To assess the incompleteness of the neutralization, we also examined the effect of Condition on the TB position at palatal gesture onset. If the neutralization is complete, there will be no difference in the TB position across conditions. However, if the neutralization is incomplete, the assimilatory palatalization will exhibit a more retracted tongue position than the underlying palatalization. To test this, separate linear mixed-effects models were run with TB position as a dependent variable and Condition as a fixed factor. All models included by-Speaker and by-Item random slopes of TB position.

4. Results

4.1. Kinematic trajectories and distribution

We first examine the continuous kinematic trajectories of relevant articulators for underlying and assimilatory palatalization in Russian. Figure 5 (a) illustrates kinematic trajectories for the item /bʲust/ (underlying palatalization), as produced by the four Russian speakers in the study. The figure plots the LA trajectory in the upper panels and the TB trajectory in the lower panels. Each trajectory is represented by a different color; the thick dotted line shows the average trajectory. The temporal window of the trajectories is 600 ms long, spanning from 100 ms before the onset landmark of the lip aperture gesture to 500 ms following this landmark. The level of variability in the magnitude of the gestures varies by subject. For R2, most tokens occur tightly clustered around the mean; R1 and R3 show more variability, and R4 shows even more. On the other hand, the relative timing of the gestures appears similar across speakers — the fall in the LA trajectory, indicating the closing of the lips tends to coincide with the rise of the TB for the palatal gesture. To facilitate comparison, vertical gray lines indicate when the LA trajectory starts to fall (based on the average trajectory) and when TB starts to rise (also based on the average).

Figure 5
Figure 5

(a) Tokens of /bʲusɣtɣ/ (underlying palatalization); (b) Tokens of /bɣjutɣ/ (assimilatory palatalization). The thick dashed black line represents the average trajectory for each speaker. The top panels show the lip aperture (LA) trajectory. The bottom panels show the tongue blade (TB) in the vertical dimension. The time window of 600 ms extends from 100 ms before the onset of lip aperture movement to 500 ms after the onset of lip aperture movement. The vertical gray lines indicate the onset of LA lowering and the onset of TB raising, both based on the average trajectory.
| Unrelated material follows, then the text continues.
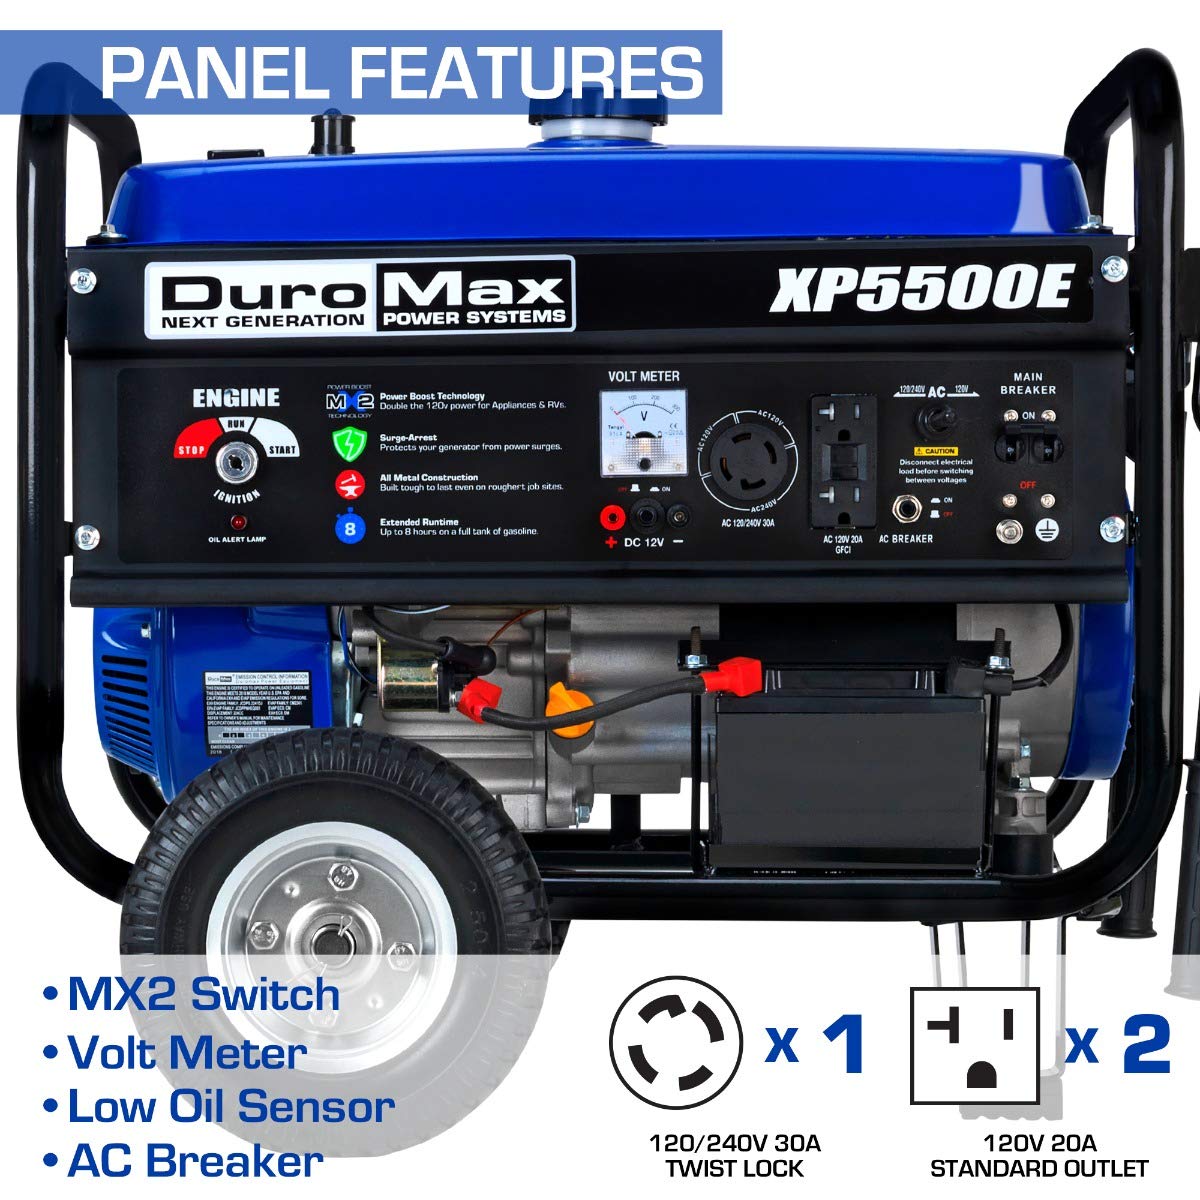 DuroMax XP5500E Générateur portable à gaz - 5 500 W - Démarrage électrique - Prêt pour le camping et les camping-cars - Approuvé par 50 États - Bleu/noir - 5 500 W 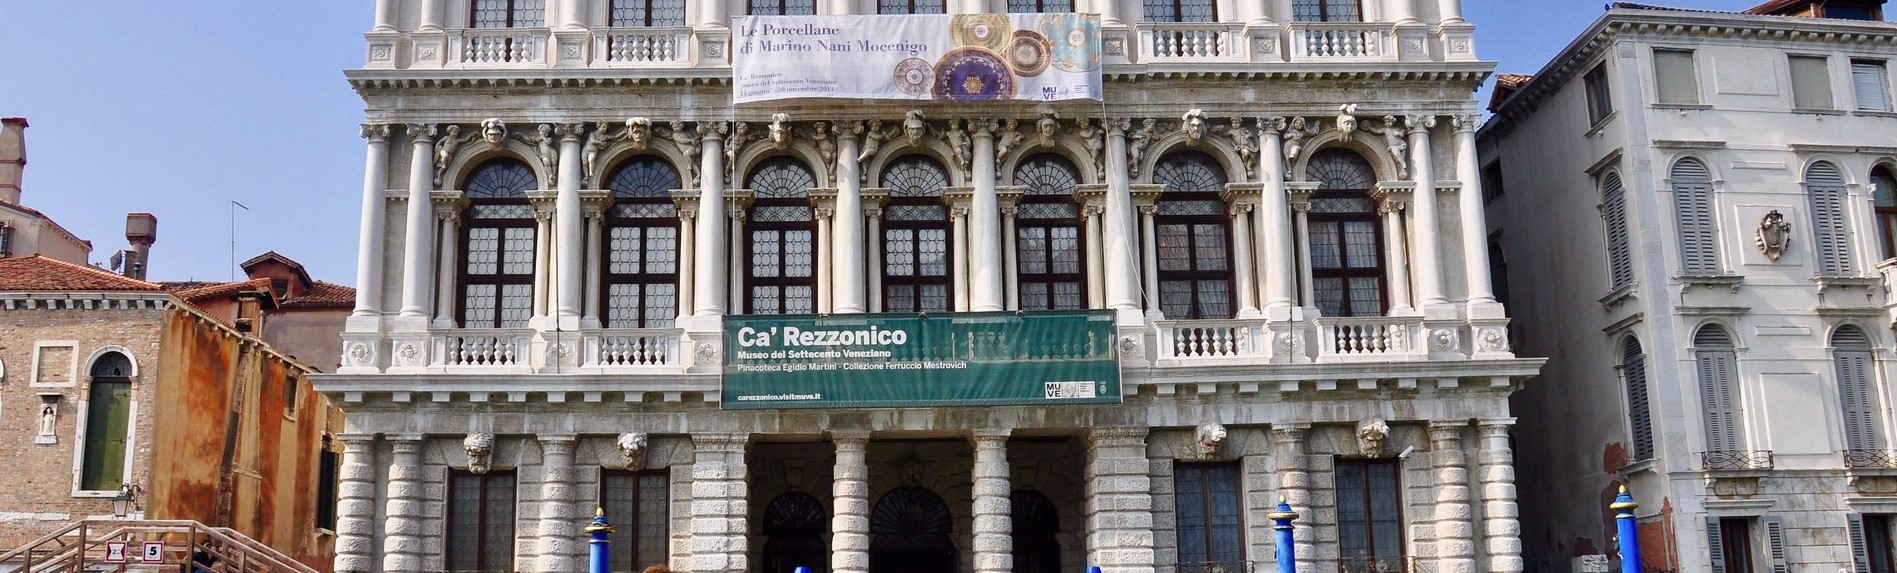 Ca’ Rezzonico Museum

Figure 5 (b) shows kinematic trajectories for the item /bɣjutɣ/ (assimilatory palatalization). The level of variability in the magnitude of the gestures appears similar to the underlying palatalization case. Regarding the relative timing of the gestures for the token /bɣjutɣ/, the rise for the TB movement tends to follow shortly after the fall of the LA trajectory.

Next, we present the distribution of the continuous variables, the key intervals for the temporal coordination analysis: G1 duration (labial gesture; See Figure 6) and onset-to-onset lag (Figure 8). For both intervals, we present the distribution by Condition: underlying vs. assimilatory palatalization. Also, for completeness, we plot the distribution of G2 duration (palatal gesture; see Figure 7). This measurement is not directly related to our research questions, but is included for reference.

Figure 6
Figure 6

The distribution of G1 (labial consonant) duration by Condition.

Figure 7
Figure 7

The distribution of G2 (palatal gesture) duration by Condition.

Figure 8
Figure 8

The distribution of onset-to-onset lag measurements by Condition.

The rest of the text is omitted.